Our opinion: Watching what we eat


Many of us who have an insatiable appetite for understanding diet -- and by this we don't mean how to lose weight, but the kinds of food that a person or community habitually eats and how it affects our health -- were not surprised to hear of a new study that shows there is no correlation between the consumption of saturated fats and cardiovascular disease.

People who have flirted with the "paleo" diet or half-heartedly followed the recommendations of Dr. Atkins have been startled to learn how they have been duped by an industry that has lined its pockets by manufacturing carb-heavy food based on science that has been debunked time and time again.

For as long as most of us have been alive, we've been told to avoid saturated fats -- such as those found in butter and dairy foods -- and replace them with unsaturated fats, such as those in margarine and sunflower oil.

And even though that falsehood has slowly been chipped away, many of us still buy into the conventional wisdom that is pushed upon us by the food industry and its government lackeys.

Now a new review by an international group led by a team at the UK's University of Cambridge and published in the Annals of Internal Medicine is the latest in a long line of studies to further erode the foundation of our false knowledge about our diets.

This latest review, a meta study of 72 separate studies on heart risk and intake of fatty acids, doesn't mince words.

"This analysis of existing data suggests there isn't enough evidence to say that a diet rich in polyunsaturated fats but low in saturated fats reduces the risk of cardiovascular disease," said Prof. Jeremy Pearson, the associate medical director of the British Heart Foundation, which partly funded the study.

In other words, the study's authors found no evidence to support guidelines that say people should restrict saturated fat consumption to lower their risk of developing heart disease. The authors also were unable to find a link between the consumption of omega-3 and omega-6 fatty acids and a reduction in heart risk.

As Pearson noted "Alongside taking any necessary medication, the best way to stay heart healthy is to stop smoking, stay active, and ensure our whole diet is healthy -- and this means considering not only the fats in our diet but also our intake of salt, sugar and fruit and vegetables."

Nina Teicholz, writing for the Wall Street Journal, notes there has never been solid evidence for the idea that saturated fats cause disease.

"We only believe this to be the case because nutrition policy has been derailed over the past half-century by a mixture of personal ambition, bad science, politics and bias."

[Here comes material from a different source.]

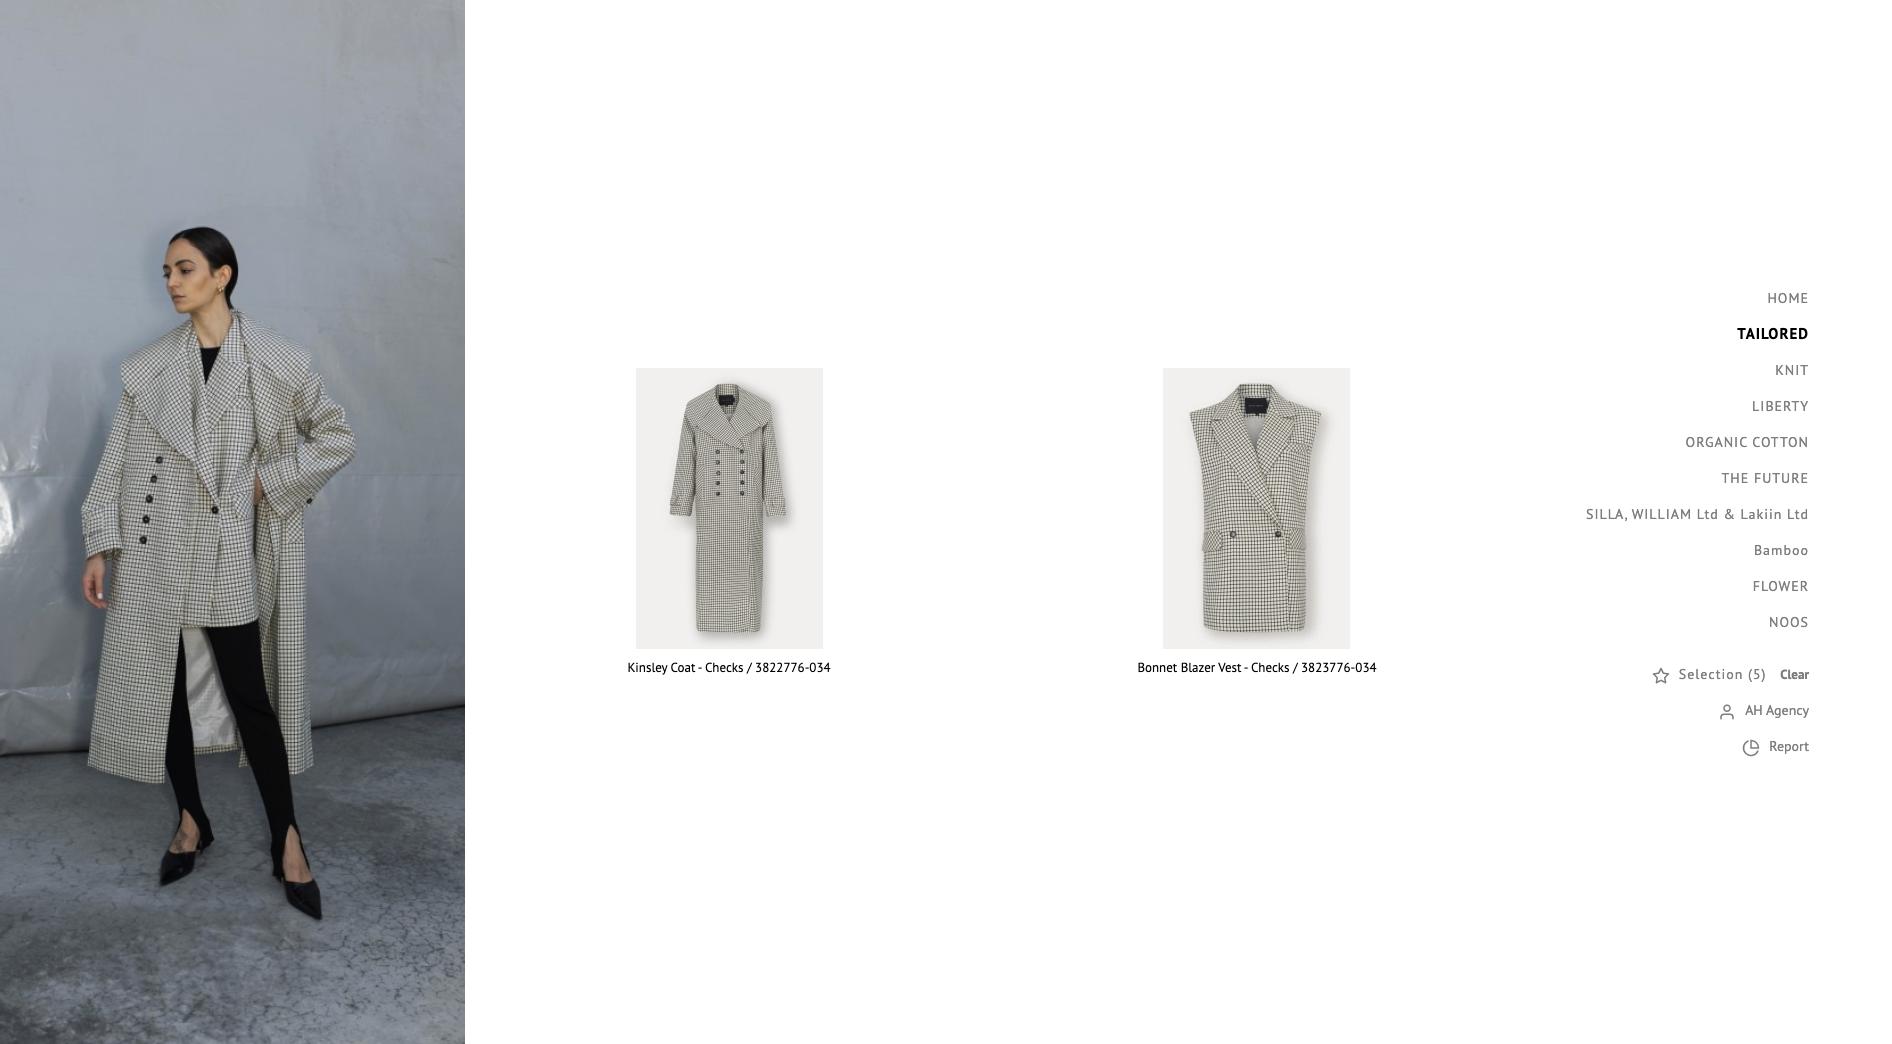 Birgitte Herskind use traede virtual showroom showcasing shirt
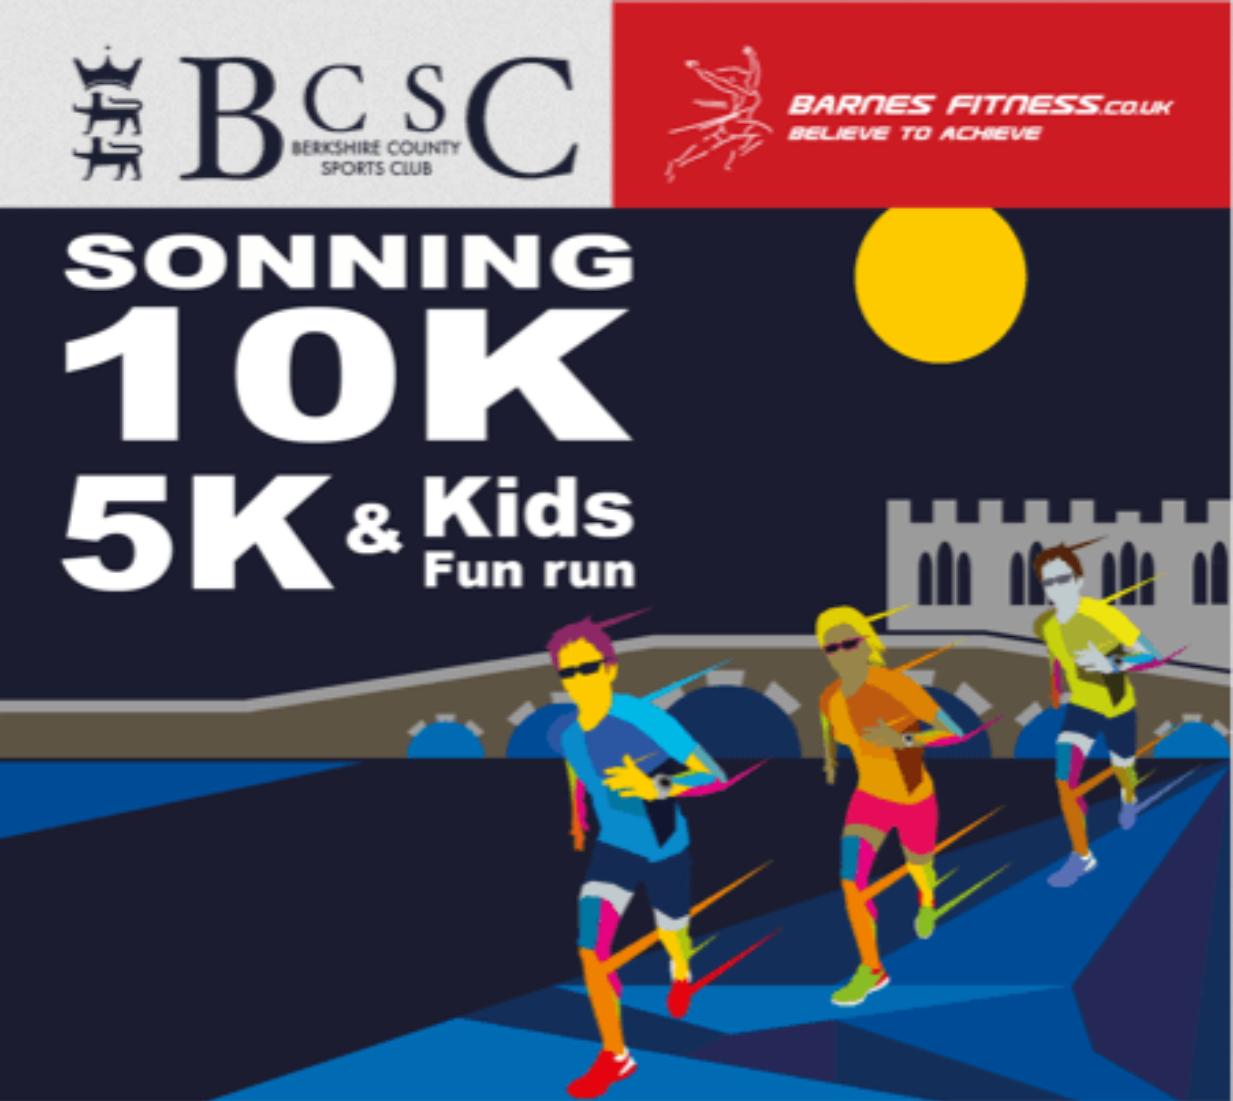 Sonning 10K \u0026 5K - cover image

As any follower of Weston Price or reader of Gary Taubes can tell you, our faulty belief that saturated fats were killing us dates back to the 1950s and Ancel Keys, who "through sheer force of will" (as Teicholz describes it), drove the consensus that saturated fats raised bad cholesterol levels and caused heart attacks.

"Critics have pointed out that Dr. Keys violated several basic scientific norms in his study. For one, he didn't choose countries randomly but instead selected only those likely to prove his beliefs," wrote Teicholz.

But something else was happening while Keys was pushing his diet recommendations on the world -- heart disease had become the No. 1 killer of Americans.

At the same time, Americans were smoking more tobacco and consuming more refined carbohydrates, sugar and high-fructose corn syrup. We also started consuming less butter and lard and more vegetable oils.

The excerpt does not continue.